- _What you have to do_
Reproduce every line of the material below exactly. No pictures belong in the copy.

- _Collected material_

■ ■ ■ ■

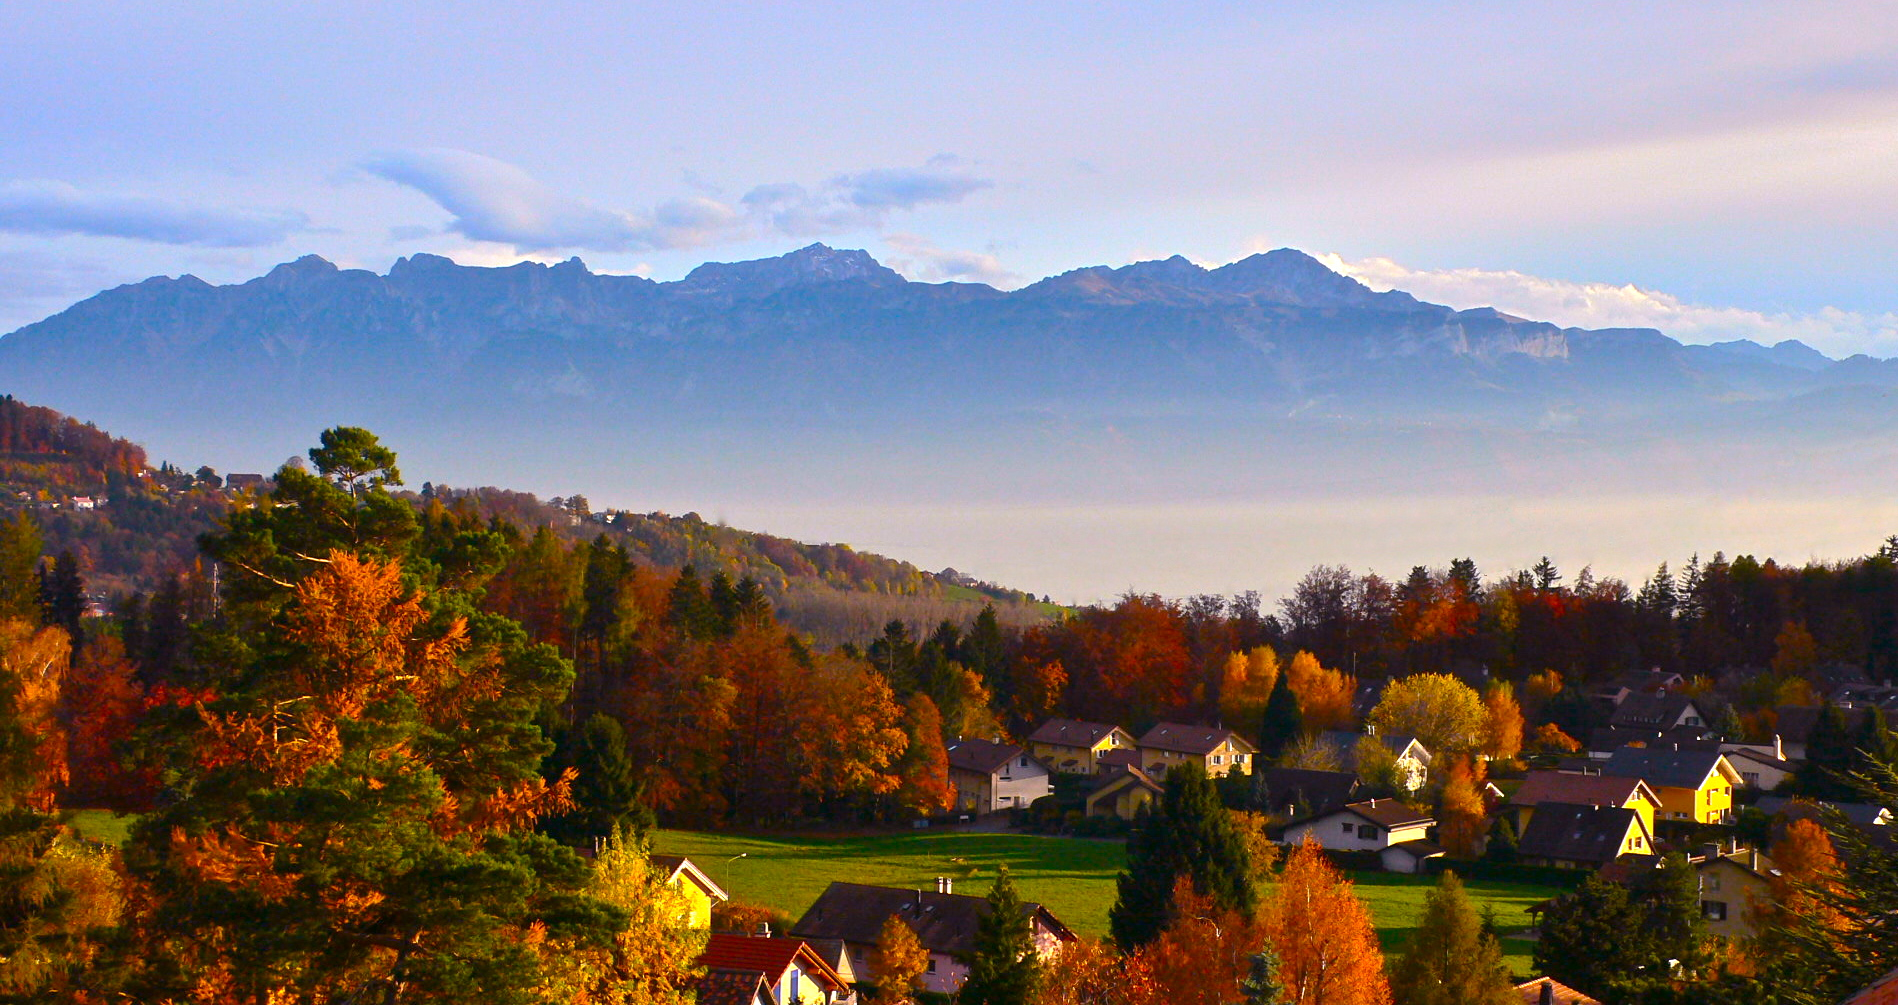 automne suisse photo et image paysages paysages de campagne nature images fotocommunity. Black Bedroom Furniture Sets. Home Design Ideas
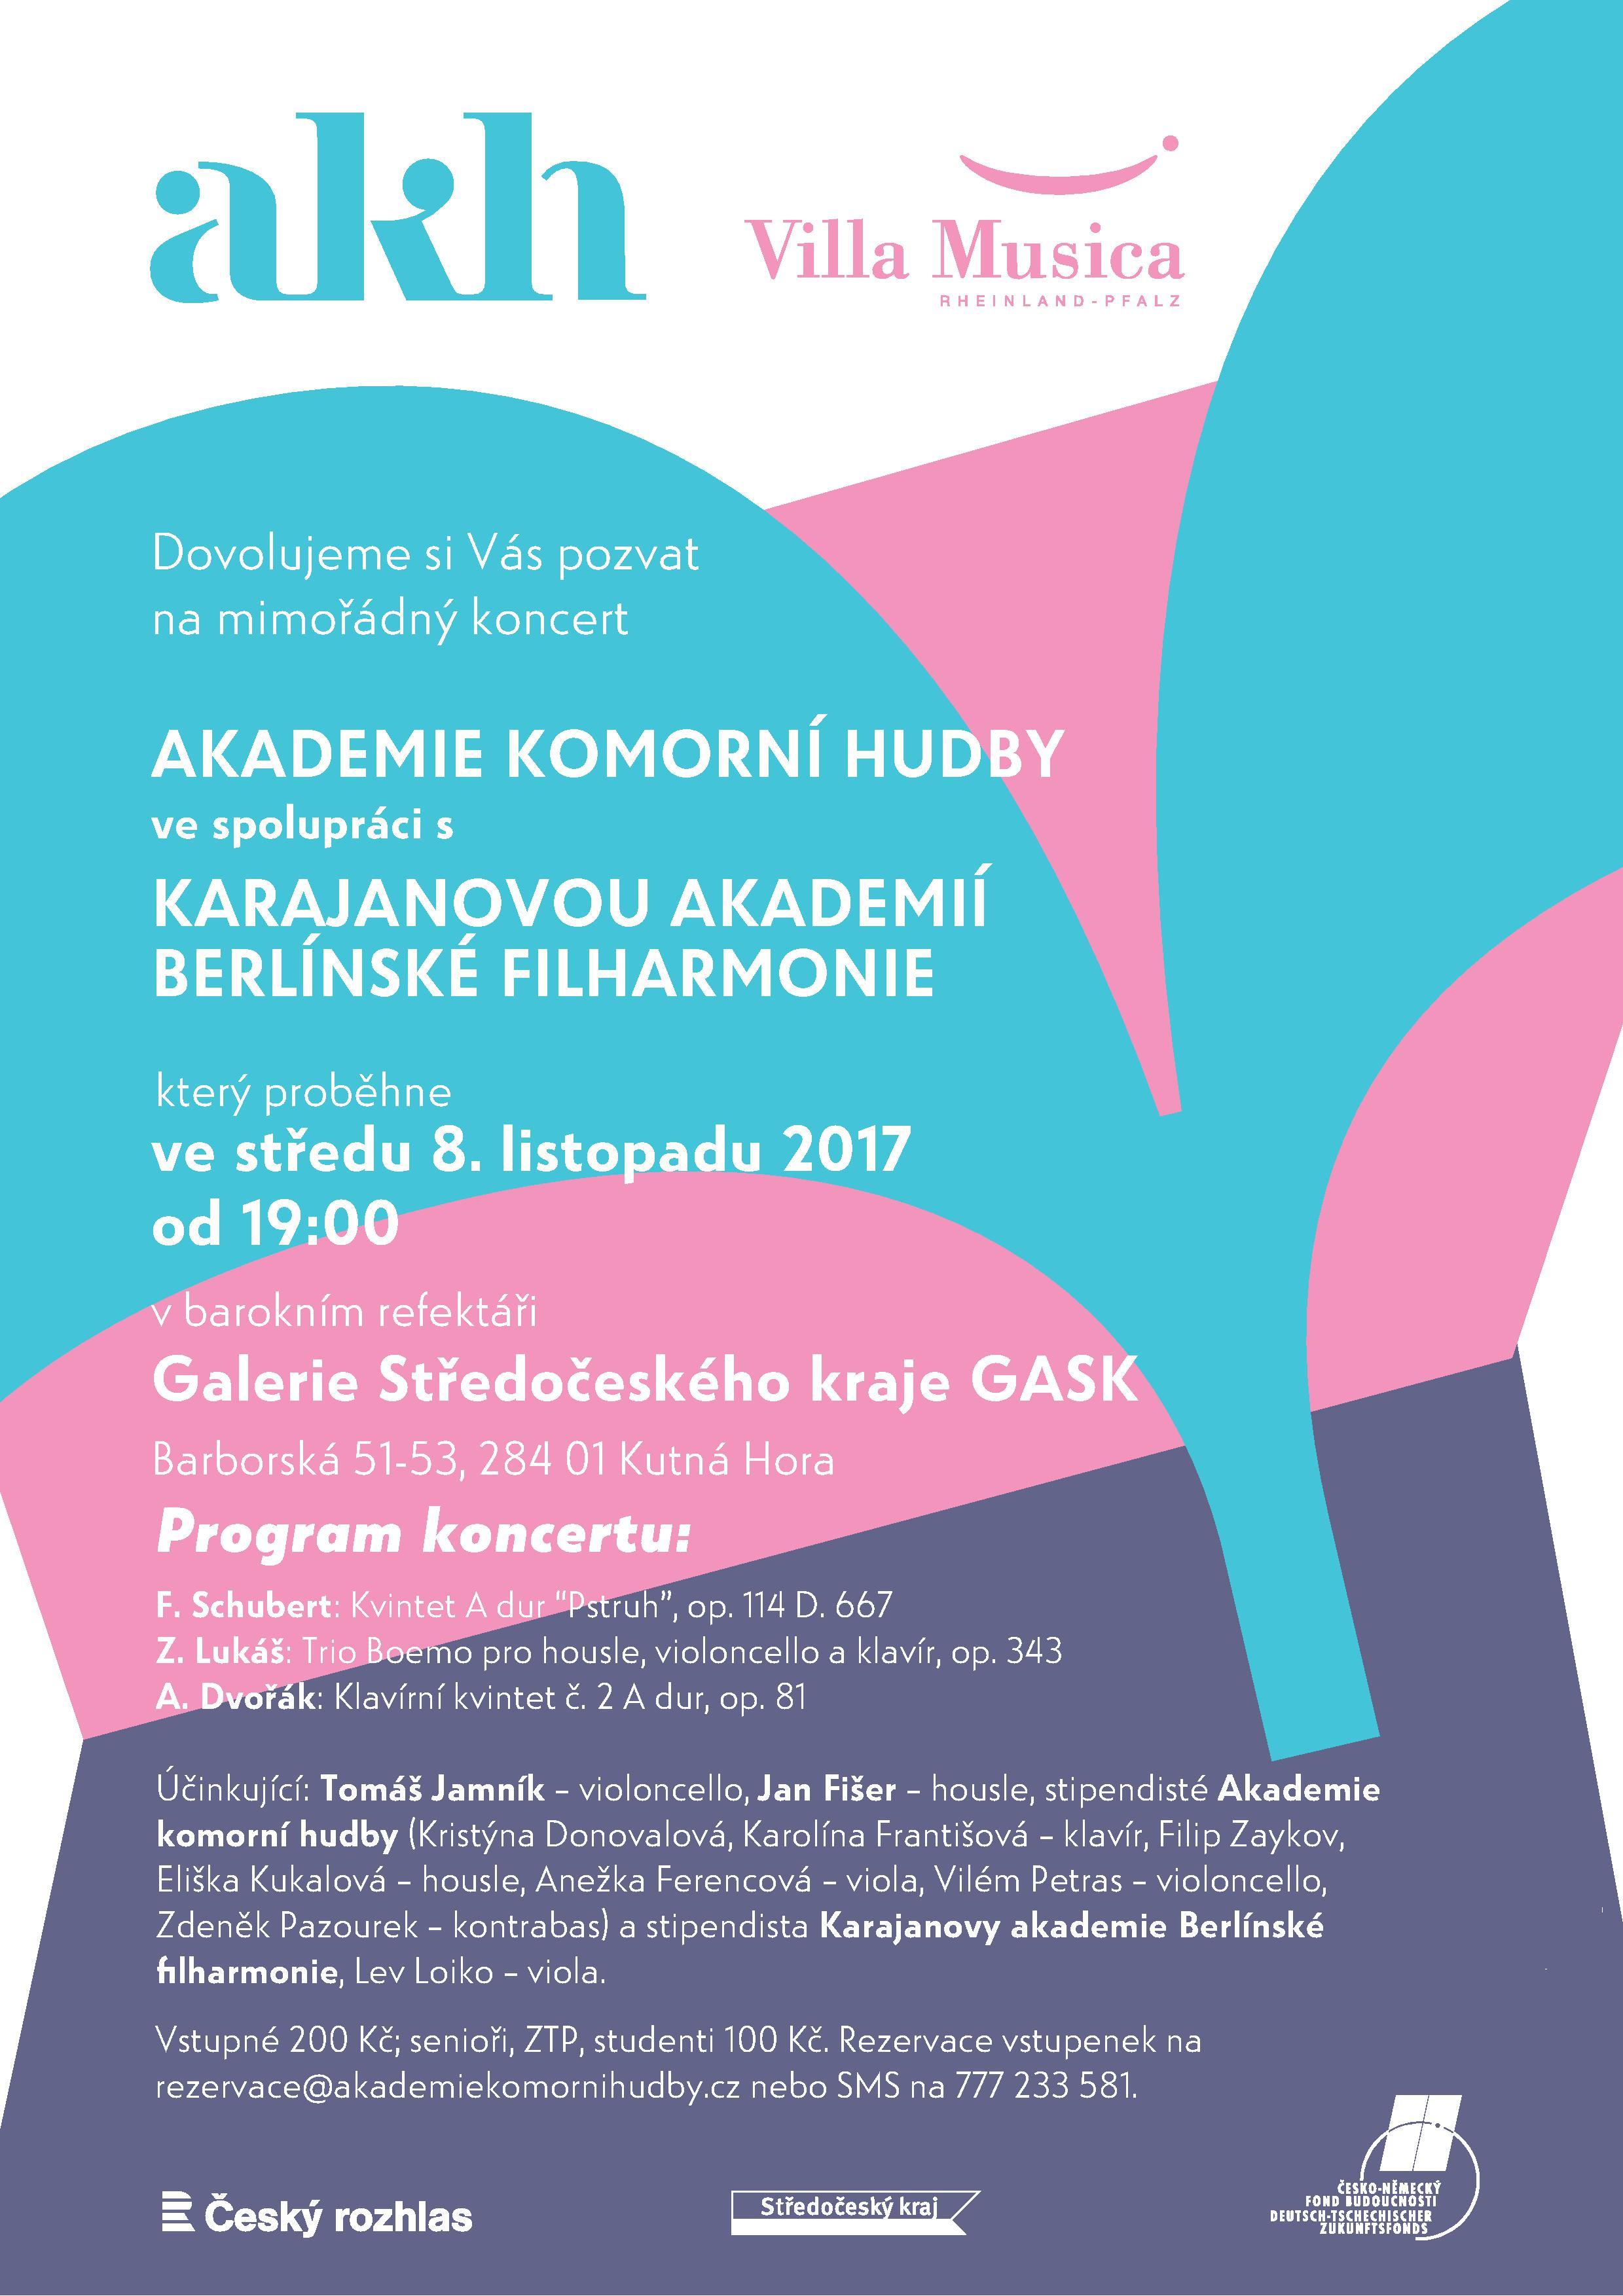 2838-akademie-komorni-hudby-8-11-gask.jpg
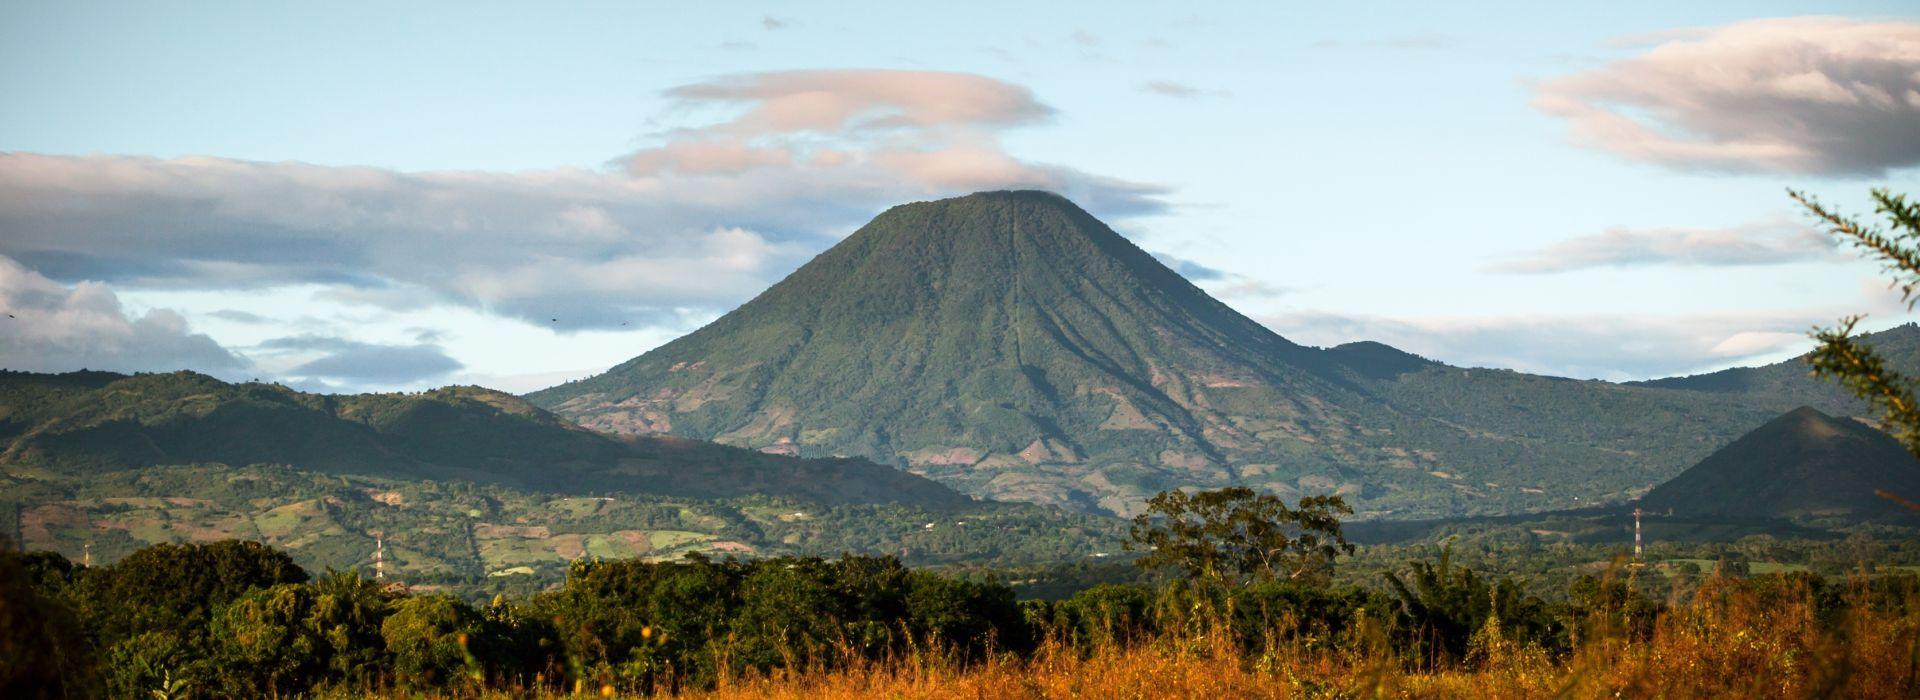 El Salvador Tours and Trips to El Salvador

■ ■ ■ ■

- _Exercise solution_
 automne suisse photo et image paysages paysages de campagne nature images fotocommunity. Black Bedroom Furniture Sets. Home Design Ideas
 2838-akademie-komorni-hudby-8-11-gask.jpg
 El Salvador Tours and Trips to El Salvador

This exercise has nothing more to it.